▶ _TASK ITEM_:
Below is a listing. Return the lines from the one that contains "3M Cubitron II" to the one that contains "Yes I'm a Bitch Screen Print Bandana Tie Dye", both ends included, verbatim and with no pictures.

▶ _INFORMATION SUPPLIED_:
»»

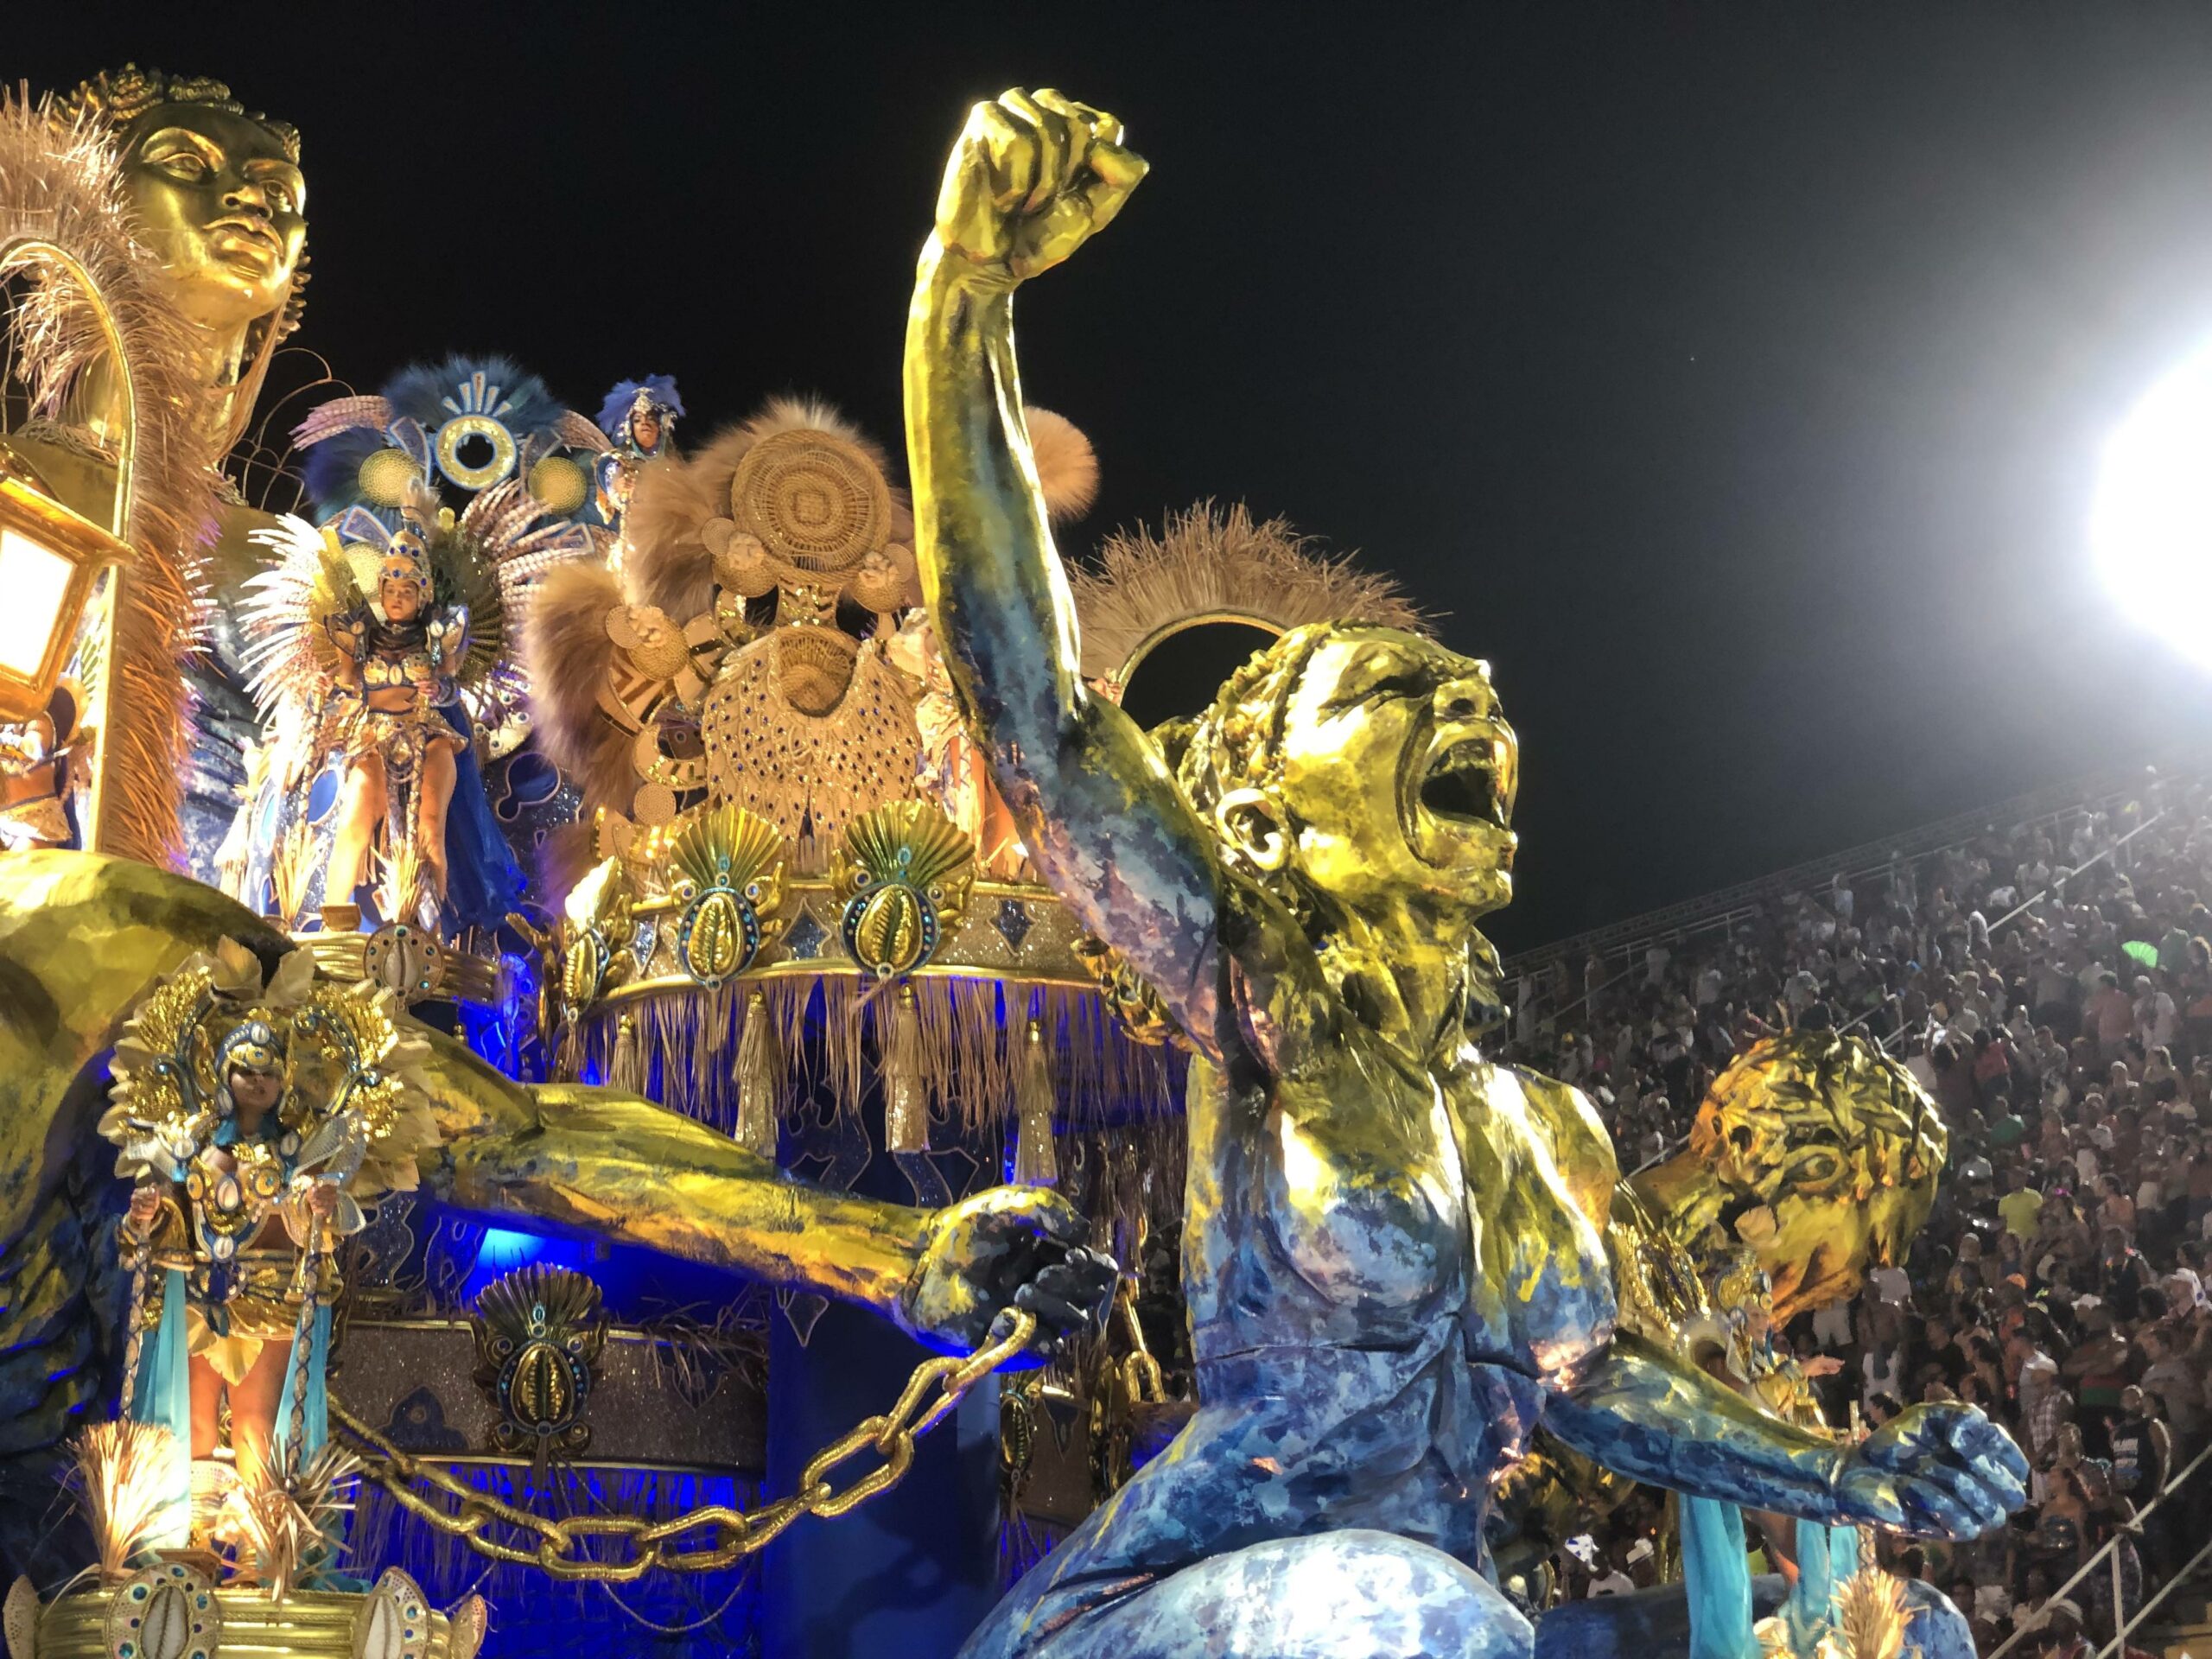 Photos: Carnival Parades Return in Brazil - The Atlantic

««
»»

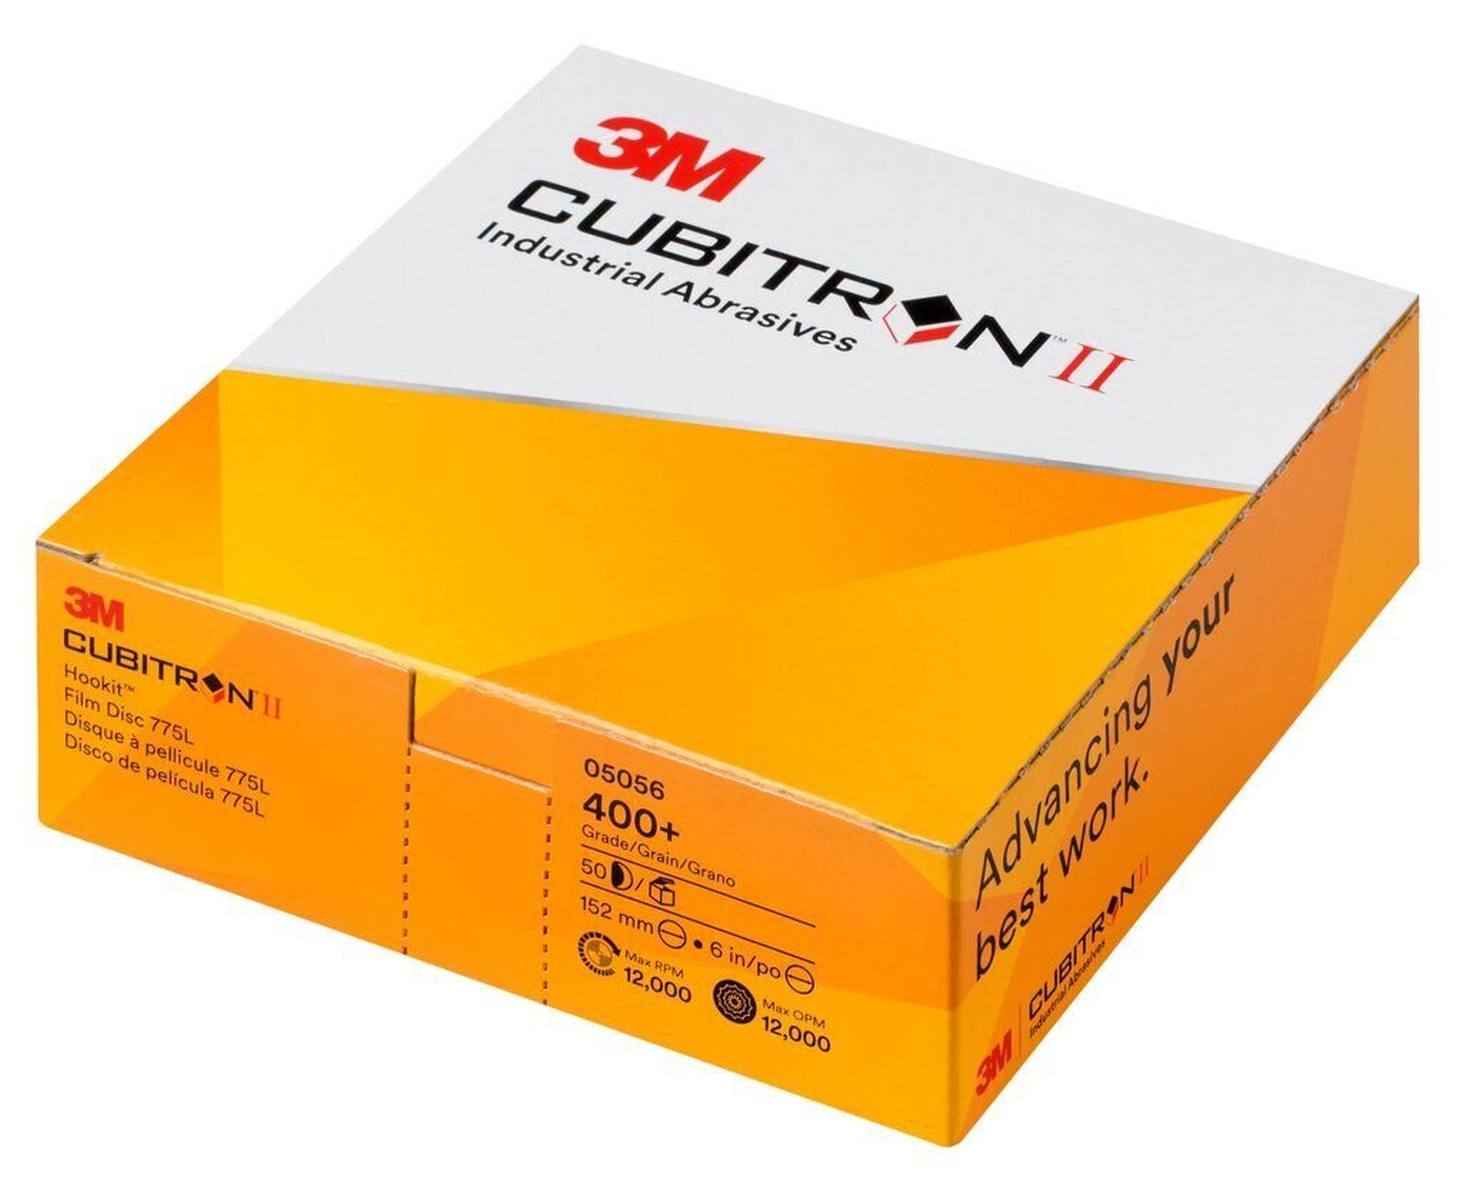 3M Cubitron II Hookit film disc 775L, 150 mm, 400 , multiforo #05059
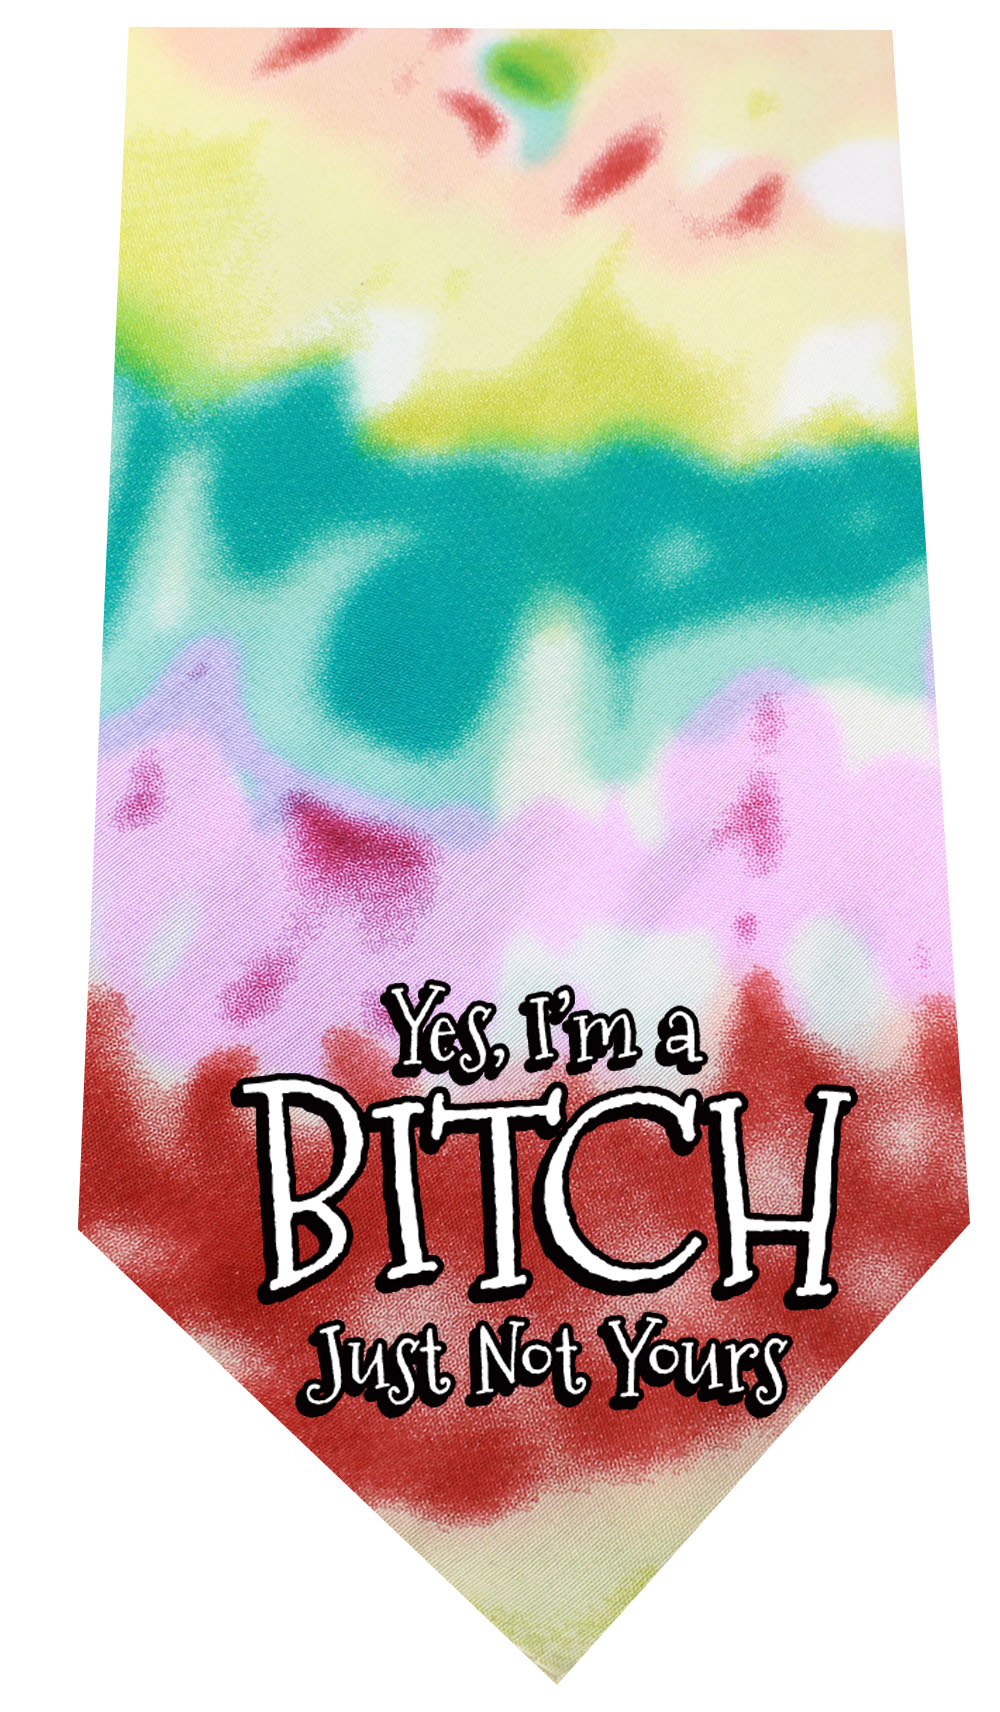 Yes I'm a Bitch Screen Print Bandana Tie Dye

««

▶ _ANSWER SECTION_:
 3M Cubitron II Hookit film disc 775L, 150 mm, 400 , multiforo #05059
 Yes I'm a Bitch Screen Print Bandana Tie Dye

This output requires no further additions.